Before Sam Goldwyn went into the movies, when he was still Sam Goldfish, he was the greatest glove salesman in the world. In the 1890s all elegant men and women wore gloves. Sam lived in Gloversville, NY, where the main industry was glove manufacturing, and Sam made good money selling American gloves. But and the most fashionable and expensive gloves were made in France, and the reason they were so expensive was because of the high American tariff on French imports. So Sam purchased 5,000 pairs of French gloves wholesale, then had them separated into two clearly marked boxes: Left gloves and Right gloves. He had the box of left gloves sent to the port of NY, and had the right gloves sent to the port of New Orleans. When no one claims imported goods, they are put up for auction. When the left gloves were put up for auction at the port of NY, and the auctioneer said, “How much will you pay for 5,000 French left gloves?” Nobody made an offer but Sam, who said, “Ten dollars.” He won. He did the same thing in New Orleans, then made a fortune selling the French gloves.
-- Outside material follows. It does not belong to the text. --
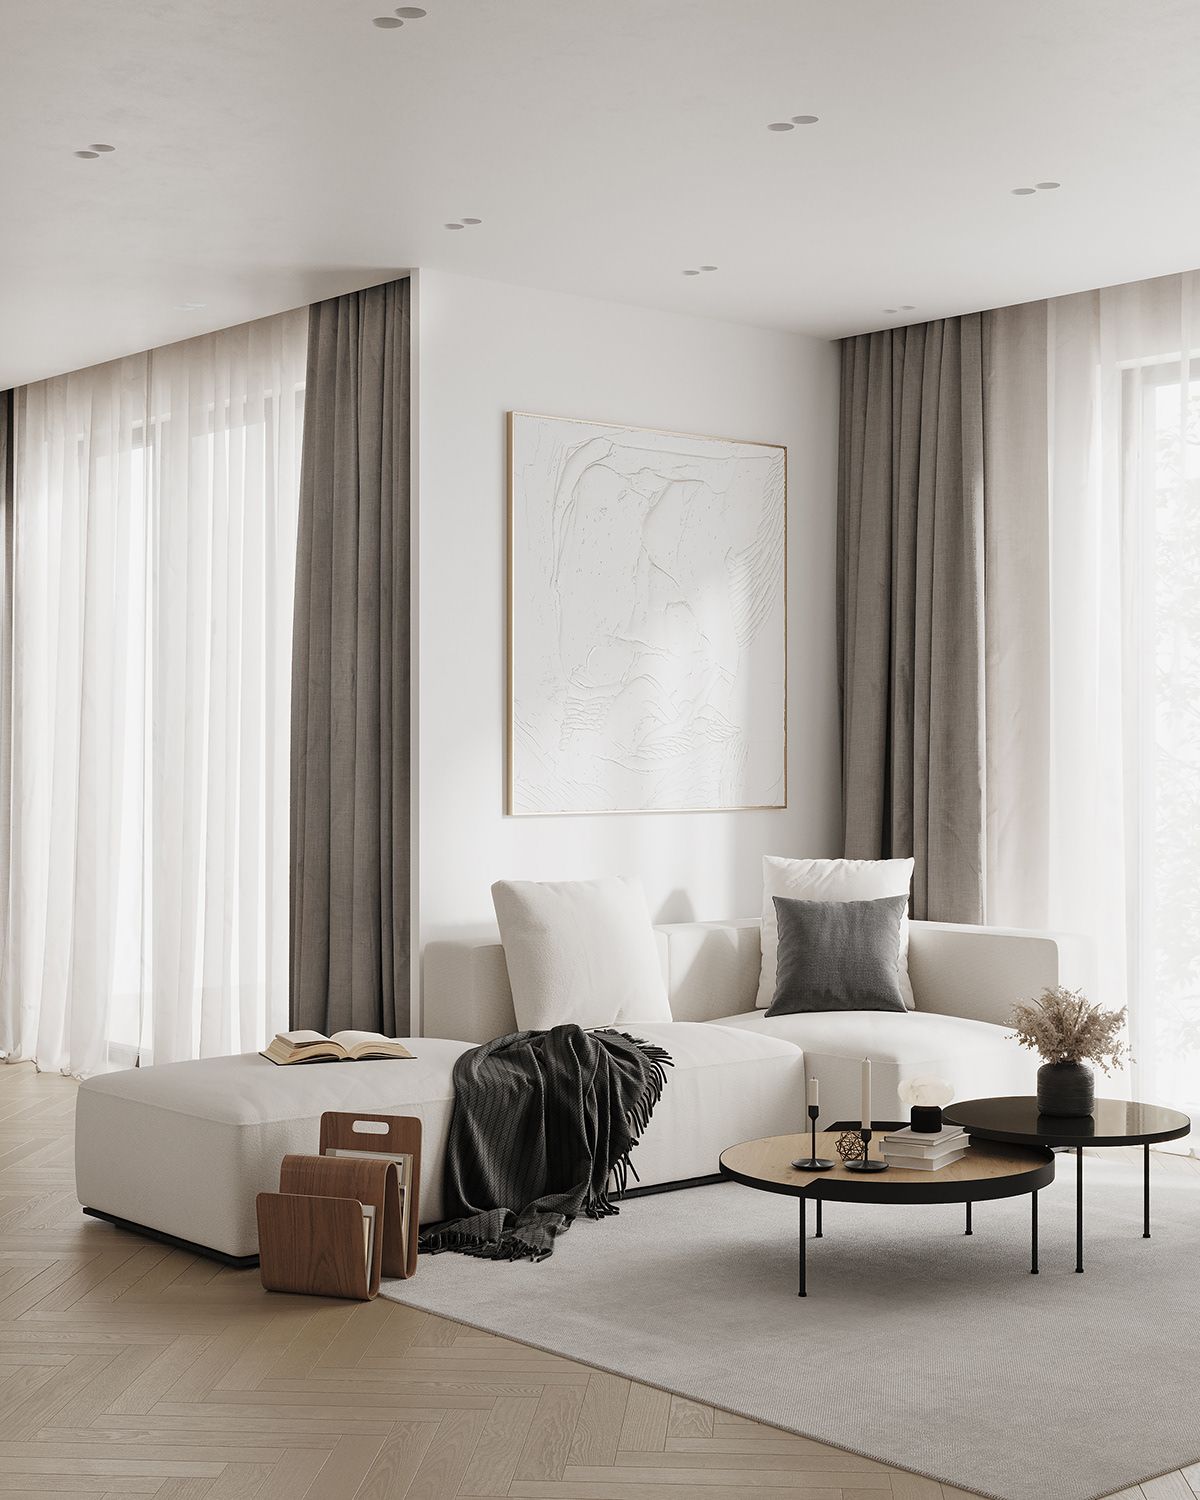 Minimalist Living Room with an Elegant Design

Walden Robert “Bobby” Cassotto contracted rheumatic fever as a child that seriously damaged his heart. He was told he wouldn’t live to be 16. Bobby desperately wanted to be a star like his hero, Frank Sinatra. He began writing songs with his buddy Don Kirschner. Knowing he had to change his name to be a performer, he saw a Chinese restaurant in his neighborhood in the Bronx with half the neon sign burned out, so instead of saying, “Mandarin,” it just said, “darin,” and he became Bobby Darin. In 1958 he co-wrote and recorded “Splish Splash” and it became a big hit. In 1959 he wrote and recorded, “Dream Lover,” which became a #1 hit. In 1960 he covered “Mack the Knife,” which was the biggest hit of the year. He went into the movies, married the hot young star, Sandra Dee, and in 1963 was nominated for an Oscar for his performance in “Captain Newman, M.D.,” but lost. He died in 1973 at the age of 37.
And since the wonderful Sarah Silverman won’t do stand-up comedy anymore because her bad taste comedy doesn’t fly in our present “woke” environment, I’ll repeat some of her jokes. She said that she likes to watch porno movies to see if Jews are well-represented. She imitates a Jewish girl in a porno, “Give to me in the touchis!” She said her young niece said, “Isn’t it terrible that Hitler killed sixty-million Jews.” Sarah replied, “No, honey, he only killed six million Jews. Sixty million would be unforgivable.” She and her boyfriend were out with another couple, and the woman asked, “What do you two use for contraception?” Sarah replied, “He usually just cums on my face.”
And gosh darn if the sky isn’t light and a new day begins.